▸ EXERCISE REQUIREMENTS
With both ends included, transcribe exactly the records below from their first line to the line that contains "レンズパシフィックファイル女".

▸ RECORDED DATA
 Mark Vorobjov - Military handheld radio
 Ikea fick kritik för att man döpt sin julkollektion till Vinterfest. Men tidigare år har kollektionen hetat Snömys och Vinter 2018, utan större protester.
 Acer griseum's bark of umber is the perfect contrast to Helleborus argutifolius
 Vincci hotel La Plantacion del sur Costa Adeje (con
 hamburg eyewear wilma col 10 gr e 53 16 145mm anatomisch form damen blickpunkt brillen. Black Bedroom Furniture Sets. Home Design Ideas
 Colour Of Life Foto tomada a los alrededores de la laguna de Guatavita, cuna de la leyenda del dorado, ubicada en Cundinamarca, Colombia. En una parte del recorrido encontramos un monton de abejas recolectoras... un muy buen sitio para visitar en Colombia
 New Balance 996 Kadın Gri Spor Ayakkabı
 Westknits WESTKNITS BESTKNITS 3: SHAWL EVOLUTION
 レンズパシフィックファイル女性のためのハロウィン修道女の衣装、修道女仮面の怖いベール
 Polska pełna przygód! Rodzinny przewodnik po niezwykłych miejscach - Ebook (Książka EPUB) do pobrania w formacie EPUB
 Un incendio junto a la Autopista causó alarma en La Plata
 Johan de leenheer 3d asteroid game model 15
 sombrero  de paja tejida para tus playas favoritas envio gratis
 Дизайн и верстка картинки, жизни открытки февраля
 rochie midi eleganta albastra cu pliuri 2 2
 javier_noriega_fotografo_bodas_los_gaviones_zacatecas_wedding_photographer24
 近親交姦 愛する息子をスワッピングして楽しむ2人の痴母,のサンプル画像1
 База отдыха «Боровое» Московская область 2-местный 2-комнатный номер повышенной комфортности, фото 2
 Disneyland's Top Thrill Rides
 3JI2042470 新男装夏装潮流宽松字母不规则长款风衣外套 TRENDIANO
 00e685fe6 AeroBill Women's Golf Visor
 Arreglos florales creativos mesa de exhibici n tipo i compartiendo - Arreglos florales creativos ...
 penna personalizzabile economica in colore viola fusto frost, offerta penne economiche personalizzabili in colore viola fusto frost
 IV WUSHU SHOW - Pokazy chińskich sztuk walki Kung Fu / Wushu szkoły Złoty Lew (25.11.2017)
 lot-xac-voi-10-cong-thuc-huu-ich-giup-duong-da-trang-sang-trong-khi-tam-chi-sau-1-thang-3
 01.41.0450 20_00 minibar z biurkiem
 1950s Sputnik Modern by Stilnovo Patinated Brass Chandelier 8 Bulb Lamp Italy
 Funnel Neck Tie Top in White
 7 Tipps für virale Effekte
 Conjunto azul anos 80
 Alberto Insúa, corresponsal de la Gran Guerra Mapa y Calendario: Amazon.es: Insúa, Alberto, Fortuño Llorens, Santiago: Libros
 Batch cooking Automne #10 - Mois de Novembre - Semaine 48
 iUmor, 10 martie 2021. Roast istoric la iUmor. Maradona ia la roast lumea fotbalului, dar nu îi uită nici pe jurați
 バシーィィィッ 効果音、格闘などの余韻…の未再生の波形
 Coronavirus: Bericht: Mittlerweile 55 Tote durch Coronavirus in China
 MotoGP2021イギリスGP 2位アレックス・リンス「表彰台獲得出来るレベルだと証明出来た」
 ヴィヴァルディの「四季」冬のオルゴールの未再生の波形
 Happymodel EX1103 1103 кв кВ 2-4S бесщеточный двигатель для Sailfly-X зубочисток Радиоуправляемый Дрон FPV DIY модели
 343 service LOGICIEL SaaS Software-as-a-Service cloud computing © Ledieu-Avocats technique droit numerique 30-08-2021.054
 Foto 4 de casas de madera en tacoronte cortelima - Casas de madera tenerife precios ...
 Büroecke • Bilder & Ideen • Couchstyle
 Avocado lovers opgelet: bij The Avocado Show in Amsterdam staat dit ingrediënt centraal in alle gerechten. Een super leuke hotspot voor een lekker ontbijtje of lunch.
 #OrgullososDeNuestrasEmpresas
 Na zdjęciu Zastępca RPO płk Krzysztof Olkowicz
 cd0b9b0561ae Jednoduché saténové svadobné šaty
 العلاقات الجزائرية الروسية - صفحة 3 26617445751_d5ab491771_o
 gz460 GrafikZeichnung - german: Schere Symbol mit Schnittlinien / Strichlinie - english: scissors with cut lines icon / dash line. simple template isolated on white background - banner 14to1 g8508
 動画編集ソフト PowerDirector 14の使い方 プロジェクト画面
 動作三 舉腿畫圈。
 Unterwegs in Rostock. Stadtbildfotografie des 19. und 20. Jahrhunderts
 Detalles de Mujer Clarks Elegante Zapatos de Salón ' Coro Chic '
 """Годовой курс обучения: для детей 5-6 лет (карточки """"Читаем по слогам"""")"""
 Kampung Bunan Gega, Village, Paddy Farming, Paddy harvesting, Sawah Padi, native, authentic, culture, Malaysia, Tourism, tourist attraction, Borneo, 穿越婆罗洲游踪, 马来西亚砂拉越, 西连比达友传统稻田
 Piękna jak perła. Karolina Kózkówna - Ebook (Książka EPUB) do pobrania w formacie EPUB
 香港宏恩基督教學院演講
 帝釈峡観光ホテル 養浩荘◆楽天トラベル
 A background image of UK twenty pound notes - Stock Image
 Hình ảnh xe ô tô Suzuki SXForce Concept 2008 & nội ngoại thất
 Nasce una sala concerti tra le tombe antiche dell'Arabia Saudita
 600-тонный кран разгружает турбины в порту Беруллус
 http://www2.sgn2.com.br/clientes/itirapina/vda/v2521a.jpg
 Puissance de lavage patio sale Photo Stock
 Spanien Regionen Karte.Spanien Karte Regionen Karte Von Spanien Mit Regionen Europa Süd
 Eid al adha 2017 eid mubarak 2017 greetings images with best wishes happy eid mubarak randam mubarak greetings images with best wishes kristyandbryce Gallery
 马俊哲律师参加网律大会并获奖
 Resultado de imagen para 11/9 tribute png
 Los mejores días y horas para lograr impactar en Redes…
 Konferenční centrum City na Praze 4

▸ YOUR SOLUTION
 Mark Vorobjov - Military handheld radio
 Ikea fick kritik för att man döpt sin julkollektion till Vinterfest. Men tidigare år har kollektionen hetat Snömys och Vinter 2018, utan större protester.
 Acer griseum's bark of umber is the perfect contrast to Helleborus argutifolius
 Vincci hotel La Plantacion del sur Costa Adeje (con
 hamburg eyewear wilma col 10 gr e 53 16 145mm anatomisch form damen blickpunkt brillen. Black Bedroom Furniture Sets. Home Design Ideas
 Colour Of Life Foto tomada a los alrededores de la laguna de Guatavita, cuna de la leyenda del dorado, ubicada en Cundinamarca, Colombia. En una parte del recorrido encontramos un monton de abejas recolectoras... un muy buen sitio para visitar en Colombia
 New Balance 996 Kadın Gri Spor Ayakkabı
 Westknits WESTKNITS BESTKNITS 3: SHAWL EVOLUTION
 レンズパシフィックファイル女性のためのハロウィン修道女の衣装、修道女仮面の怖いベール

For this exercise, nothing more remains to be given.